Supplied material:

>>

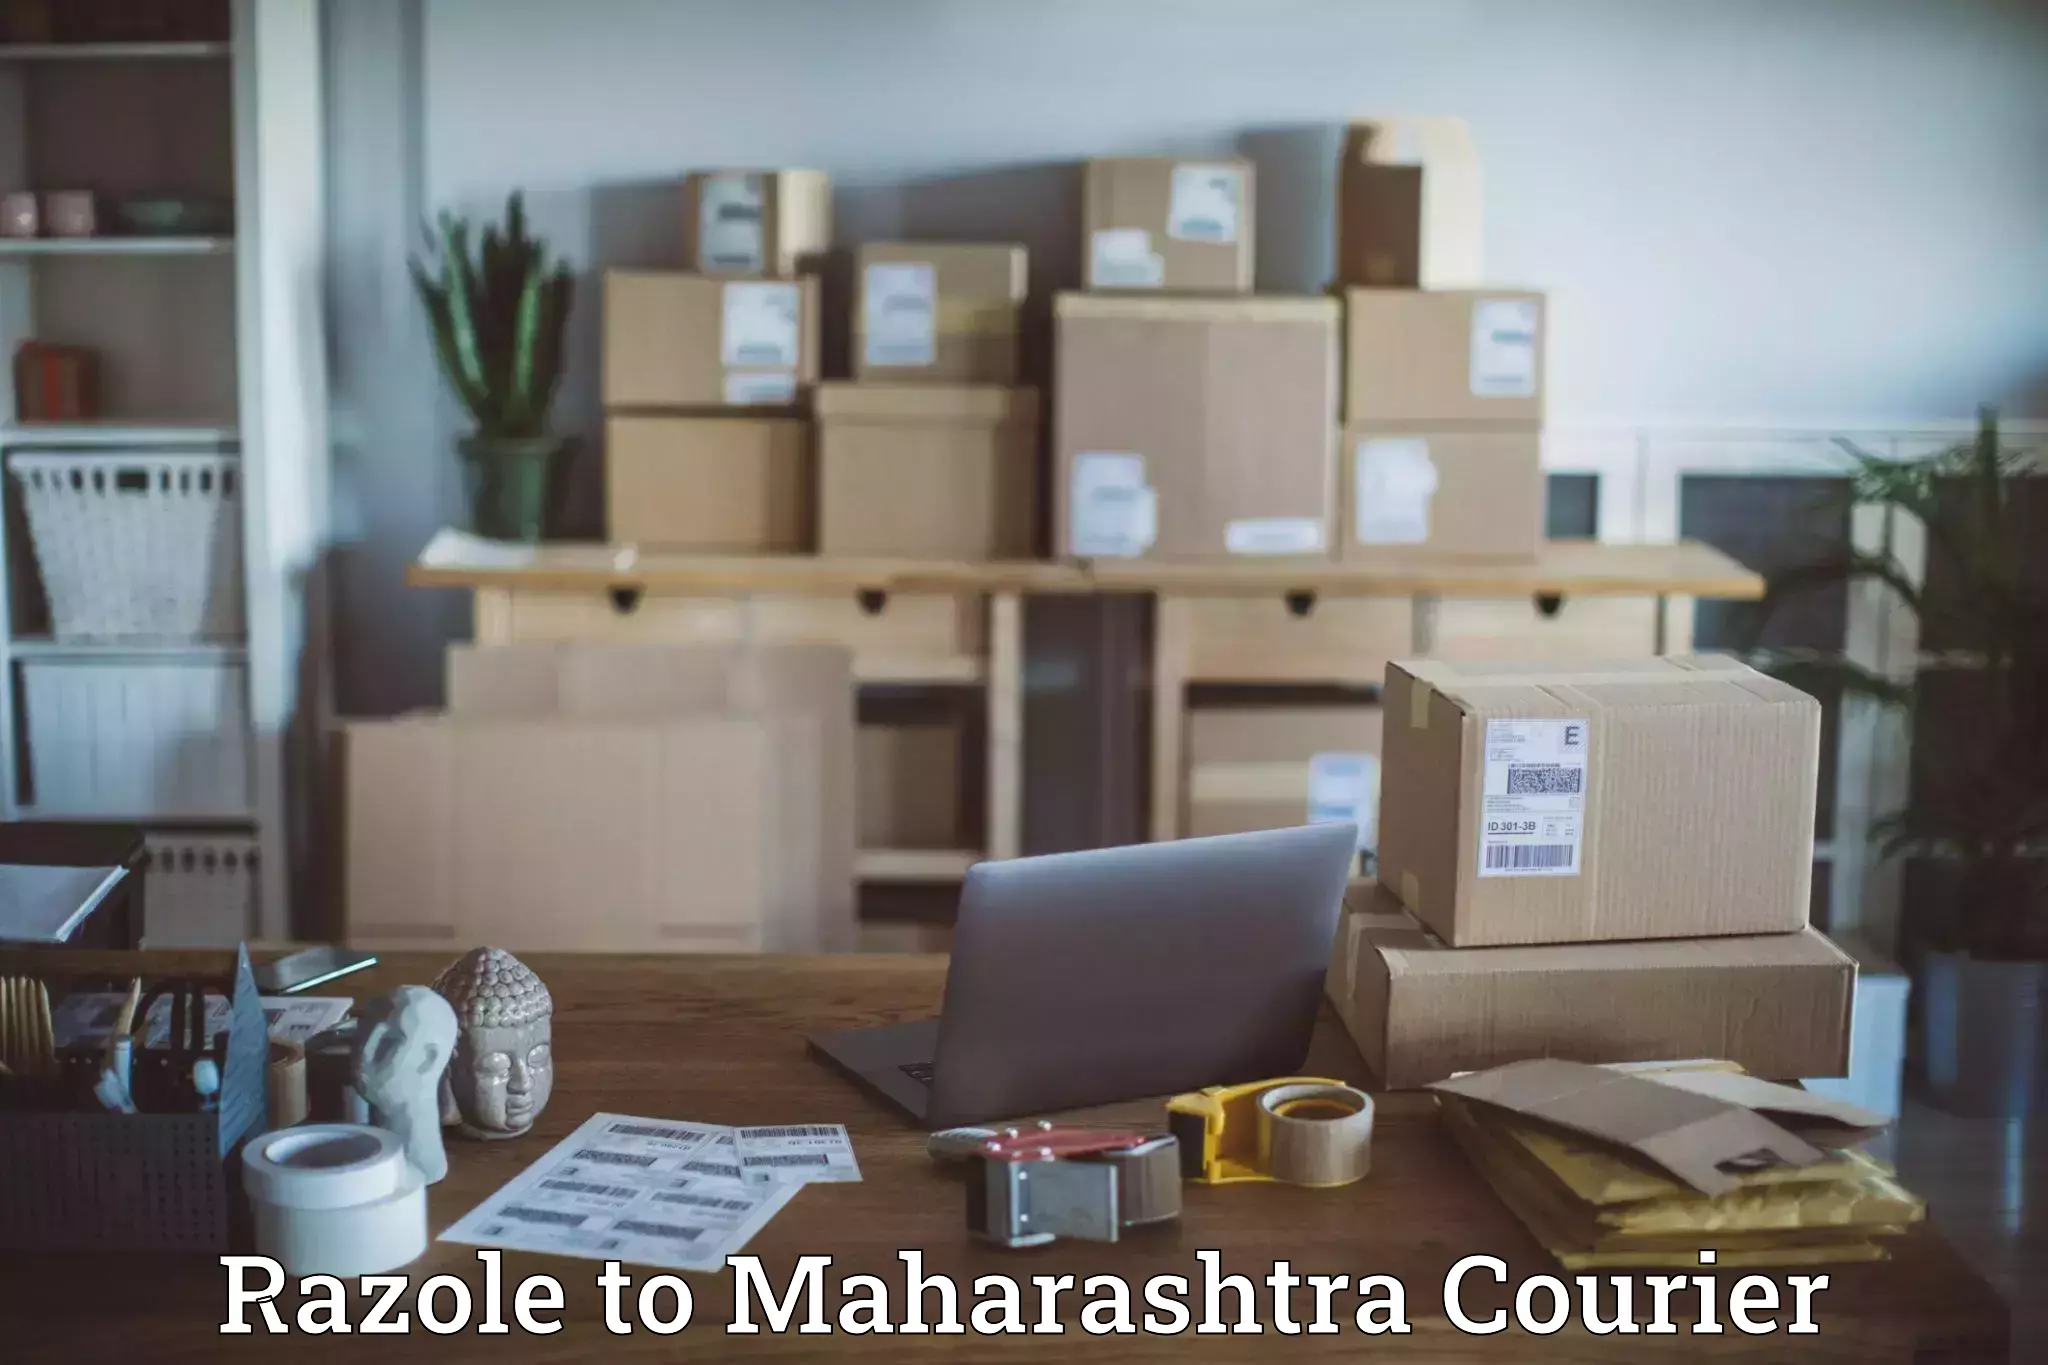 State-of-the-art courier technology Razole to Maharashtra
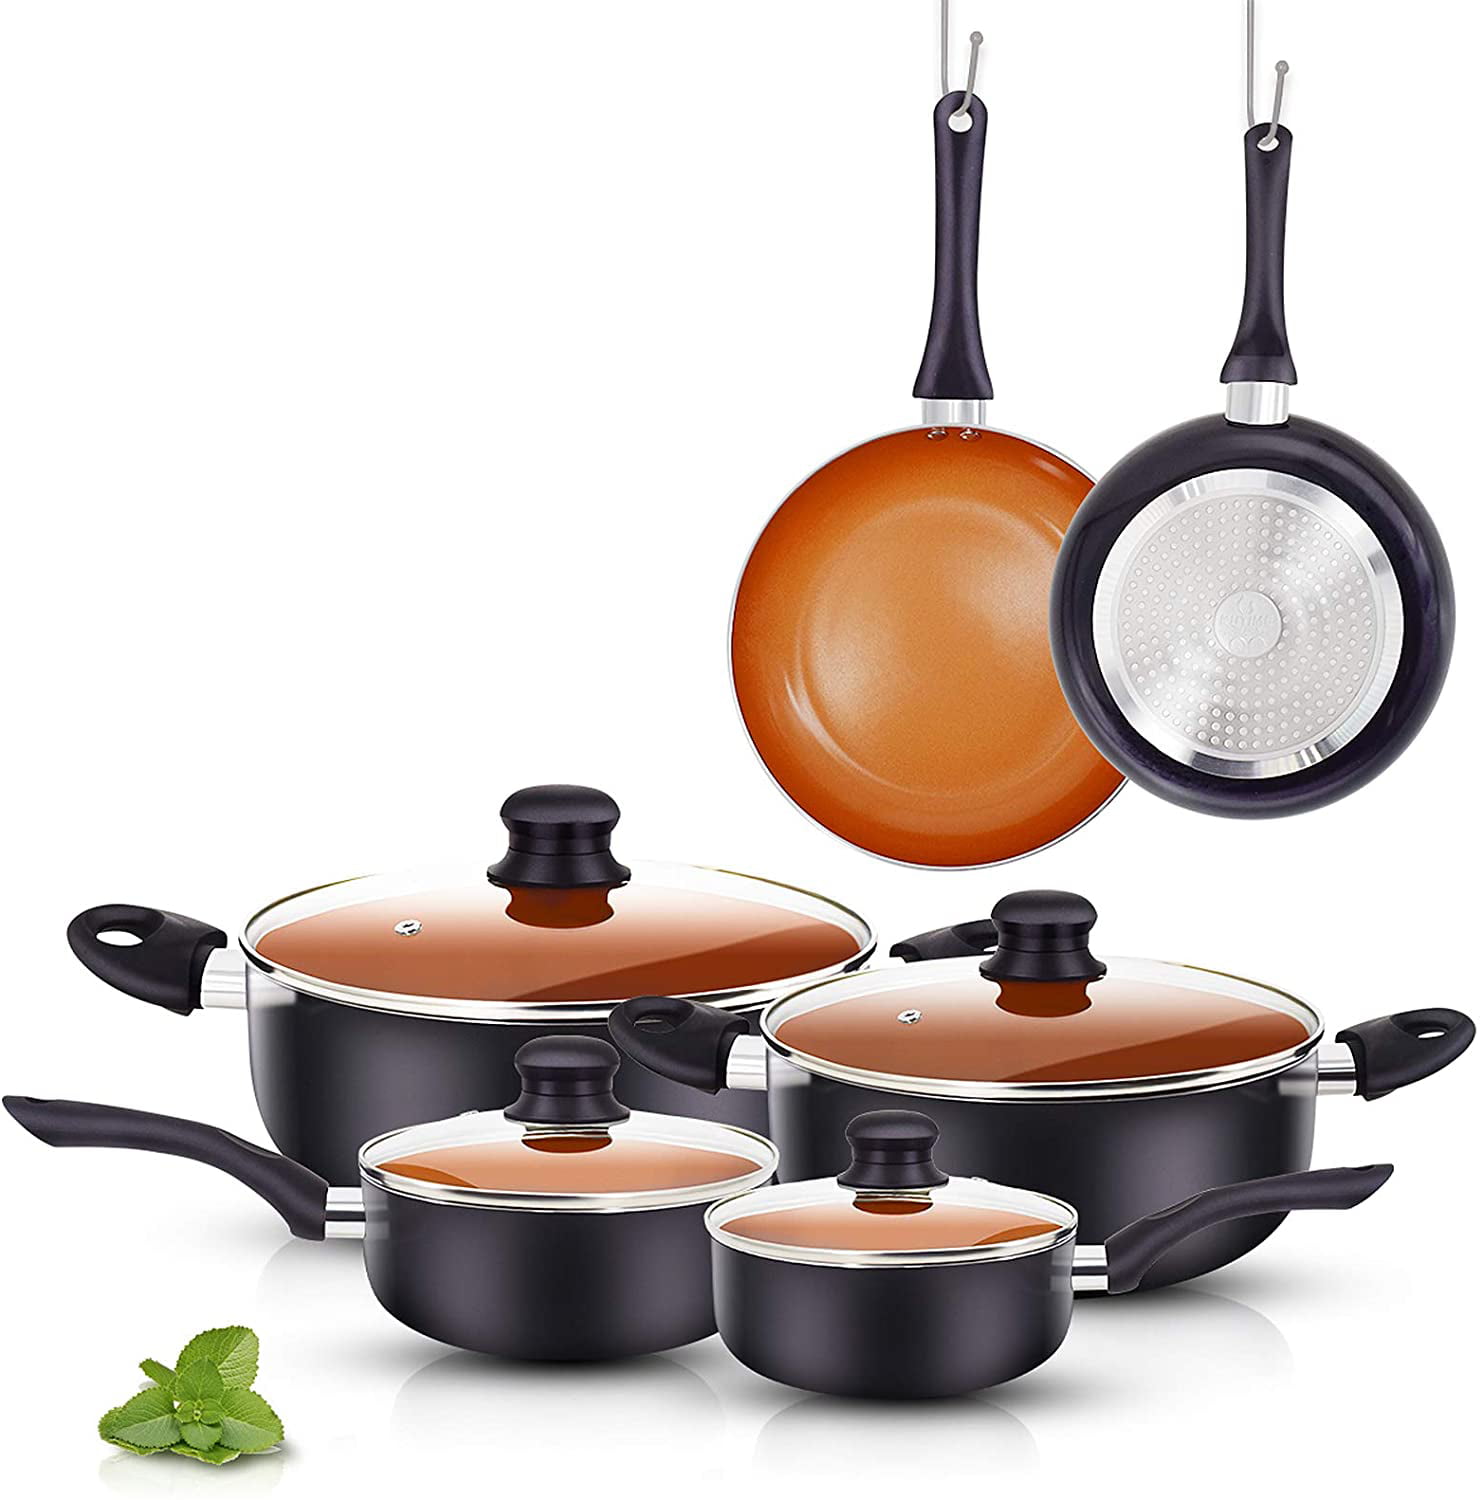 MICHELANGELO Pots and Pans Set 15 Piece with with Non- toxic Stone-Derived  Interior, Nonstick Kitchen Cookware Set with Utensils
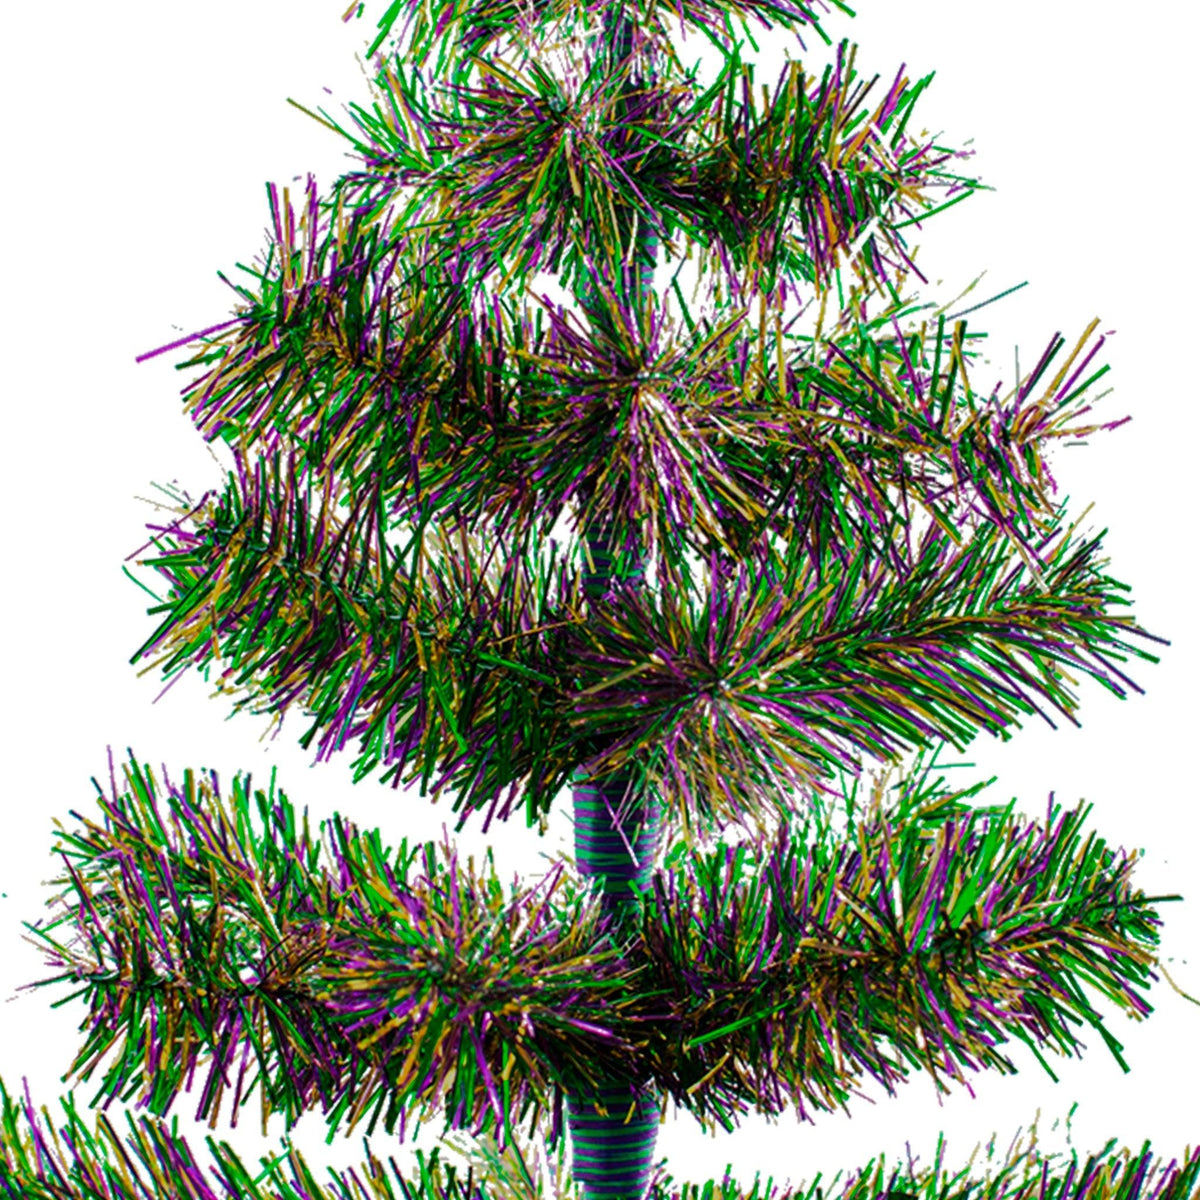 Lee Display's Mardi Gras Themed Christmas Tree on Sale Now 24in

<<

Work instructions: Please reproduce the material above word for word, without its images.

Written solution:
 State-of-the-art courier technology Razole to Maharashtra
 MICHELANGELO Pots and Pans Set 15 Piece with with Non- toxic Stone-Derived  Interior, Nonstick Kitchen Cookware Set with Utensils
 Lee Display's Mardi Gras Themed Christmas Tree on Sale Now 24in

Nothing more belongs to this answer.